A Low-volume Hydroponic Protocol for Maize and A Sensitive Bud-length Assay for Root-to-Shoot Impacts of The Strigolactone Analog, rac-GR24

Background

The initial purpose for developing the protocol presented here was to quantify root-to-shoot impacts of the hormone, strigolactone (SL) in maize. A central role was postulated for strigolactone in domestication of this species, due to contributions by this hormone to plant architecture and thus the single-stalk morphology of modern-day maize (Guan et al., 2012). To address this possibility, a system was needed that would 1) allow root-feeding studies throughout initial vegetative growth of this large grass species, 2) minimize amount and cost of the SL analog to be used (rac-GR24), and 3) allow accurate quantification of shoot responses in terms of lateral-bud outgrowth. The resulting protocol can be adapted to a wide range of root-feeding, root-labeling, and exudate-sampling studies with low-volume hydroponic growth of large, C4 grass species. A new approach for strigolactone study in these species is also provided.

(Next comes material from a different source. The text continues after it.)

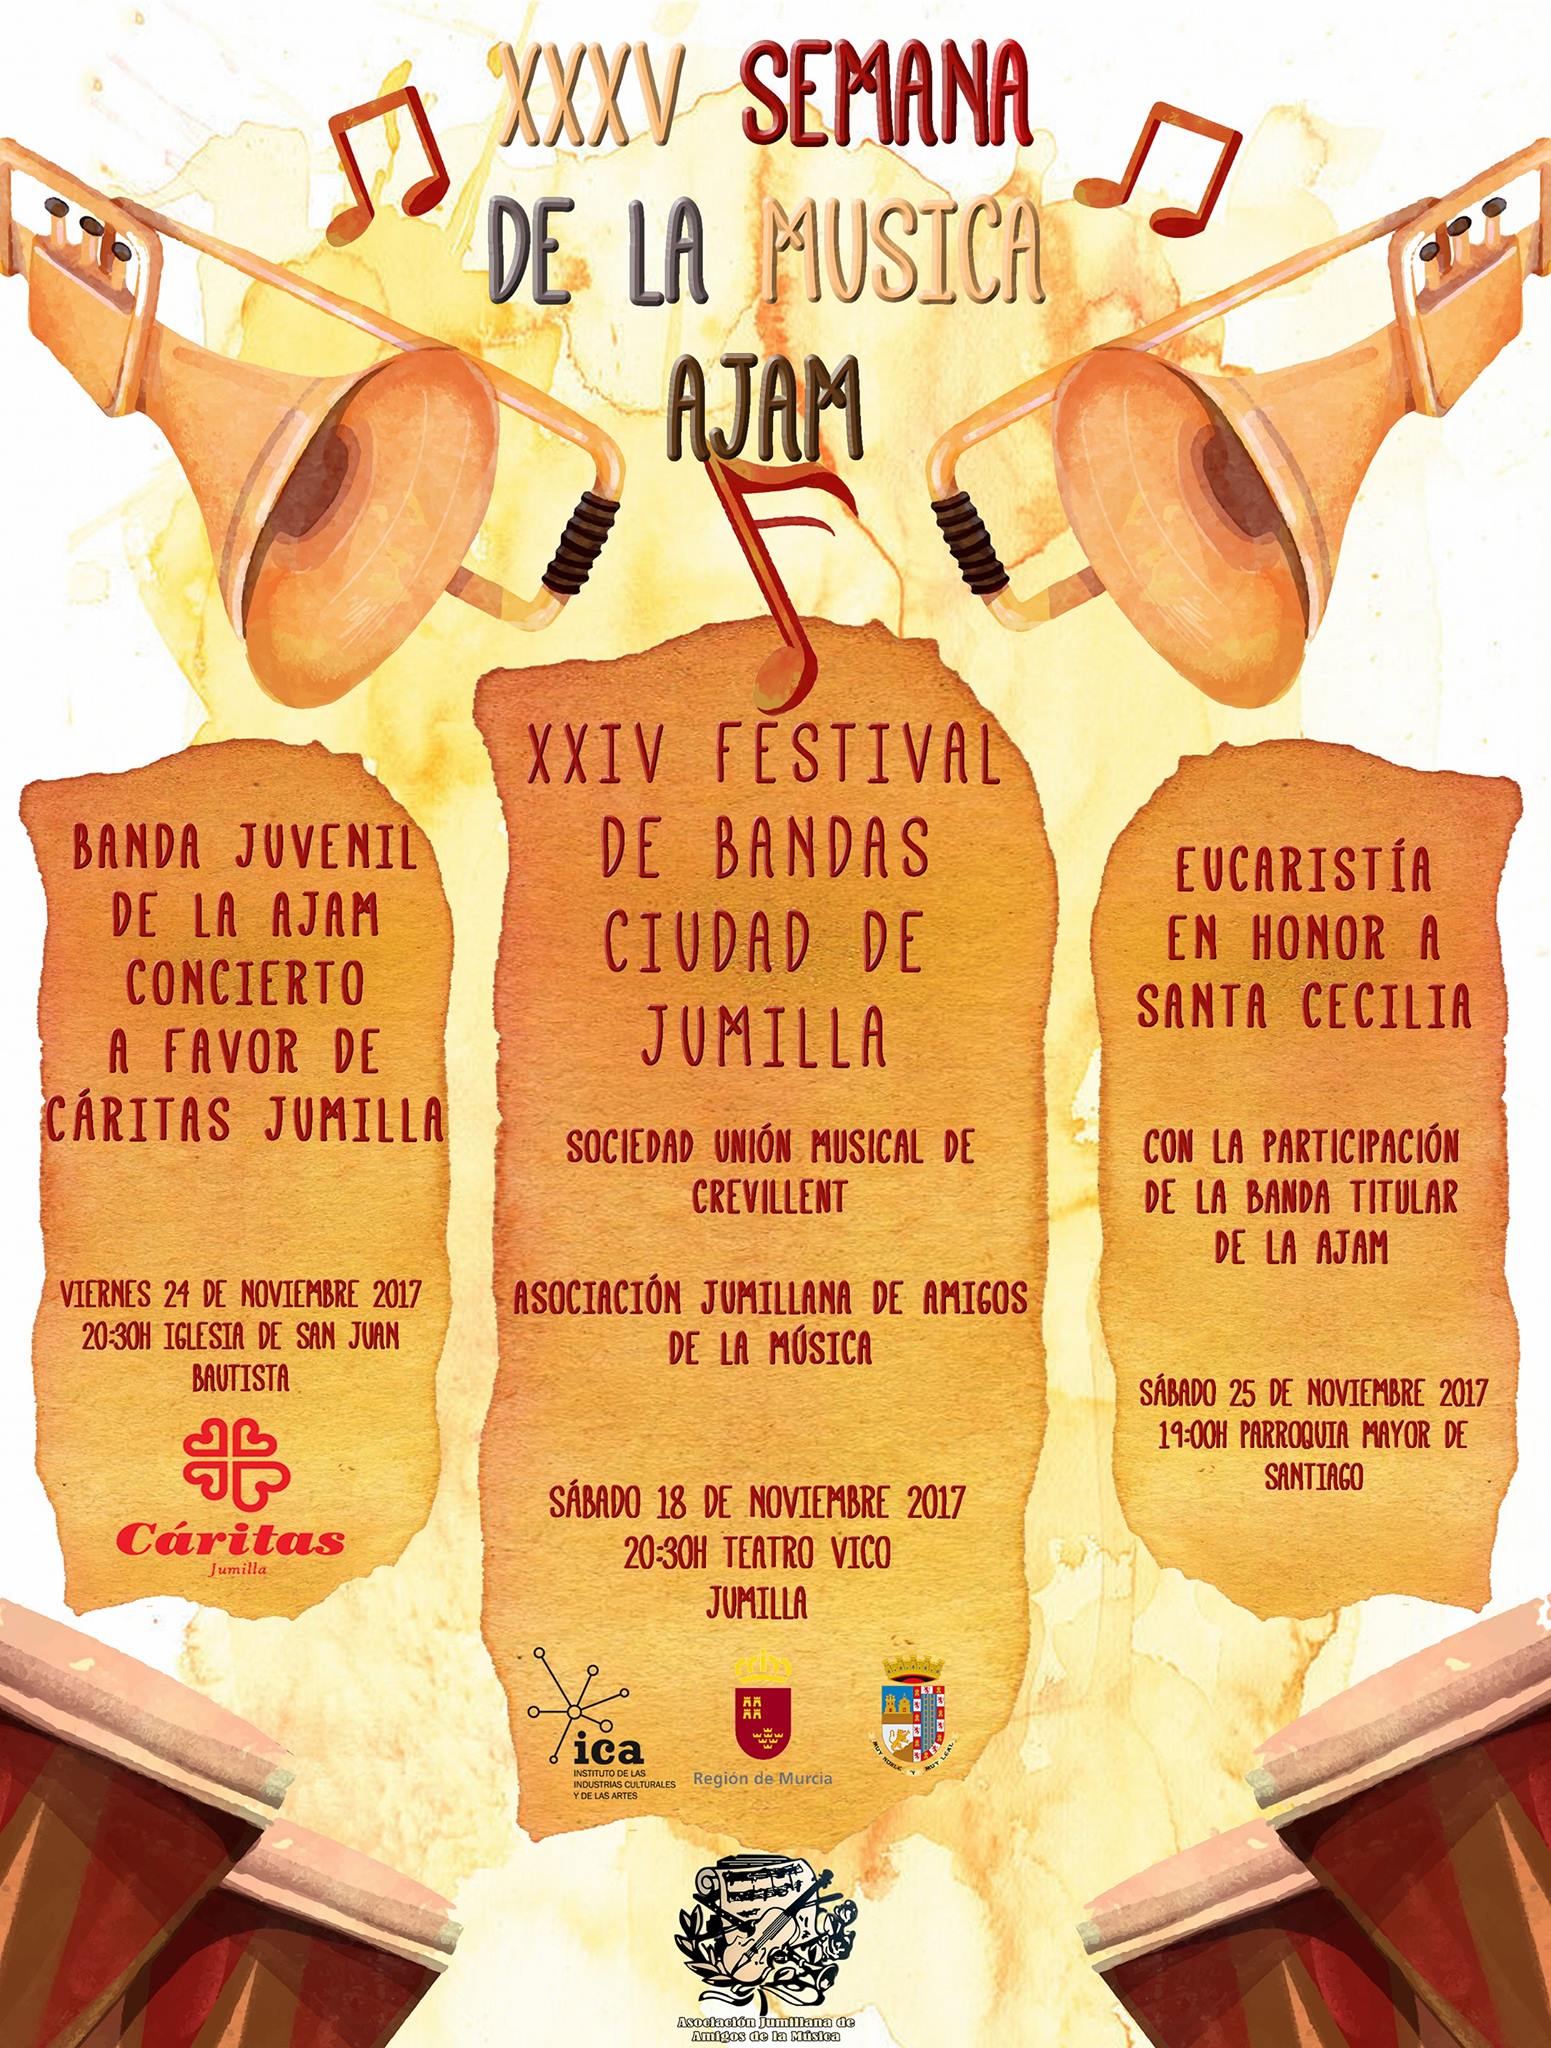 Hoy continúan los actos de la XXXV Semana de la Música en honor a Santa Cecilia que organiza la Asociación Jumillana Amigos de la Música

Strigolactones (SLs) contribute to apical dominance in diverse species (Wang et al., 2018). A similar suppression of lateral shoots is a key domestication feature in maize. The single-stalk architecture results from elevated expression of a domestication gene, Teosinte branched 1 (Tb1) (Doebley et al., 1997). Under normal conditions, lateral buds are tiny, protected by leaf sheaths, and remain dormant in most maize inbreds. The buds do not elongate into visible tillers unless apical dominance is released by decapitation or especially favorable growth conditions. The possible role of SLs in this process emerged with their identification as phytohormones involved in axillary branching (Gomez-Roldan et al., 2008; Umehara et al., 2008). Direct contributions in maize were revealed by the transposon insertion into a gene for SL biosynthesis (Zea mays Carotenoid Cleavage Dioxygenase 8 (ZmCCD8). The resulting, SL-deficient maize mutant, zmccd8, showed characteristics of a primitive, pre-domestication phenotype that included outgrowth of lateral buds and limited apical dominance (Guan et al., 2012).

Although genes for SL biosynthesis are expressed in many tissues, most of its formation occurs in roots. The root-derived SLs are transported acropetally to shoots through xylem (Kohlen et al., 2010) and via ABC transporters (Sasse et al., 2015). Plant roots also secrete SLs into the rhizosphere, where they attract symbiotic partners such as arbuscular mycorrhizal fungi (Akiyama et al., 2005) and nitrogen-fixing bacteria (López-Ráez et al., 2017). Unfortunately, the SL exudates are also sensed by seeds of parasitic weeds like Striga that use these secretions as signals to germinate and locate host roots (Aliche et al., 2020). The discovery of diverse SL functions enhances its potential applications in agriculture (Aliche et al., 2020).

Hydroponic systems have been used to study roles of SLs in axillary branching by Arabidopsis (Waters et al., 2012) and rice (Umehara et al., 2008). This approach has also been widely used to investigate homeostasis of mineral nutrients and processes that include iron uptake in maize (Nozoye et al., 2013). However, analysis of SL effects on lateral buds in maize seedlings required improvements in the efficiency of existing hydroponic protocols. Two paramount considerations were 1) the expense of rac-GR24, and 2) the quantity needed to support development of lateral buds. The synthetic SL analog, rac-G24, is costly as well as short-lived, with a half-life around 3 days in hydroponic solution. Supplies must thus be refreshed every 3 to 4 days, and the hydroponic system must have a low enough solution volume to minimize usage of rac-GR24. At the same time, the compact system must also provide enough space for growth of the lateral buds and roots. The bud outgrowth in particular, is sensitive to changes in nutrient availability and growing space. The protocol described here addresses the above requirements. It can also be used to advance other research in the field of root biology, plant-microbe interactions, crop-weed interactions, and mechanisms of mineral-nutrient homeostasis in grass crops.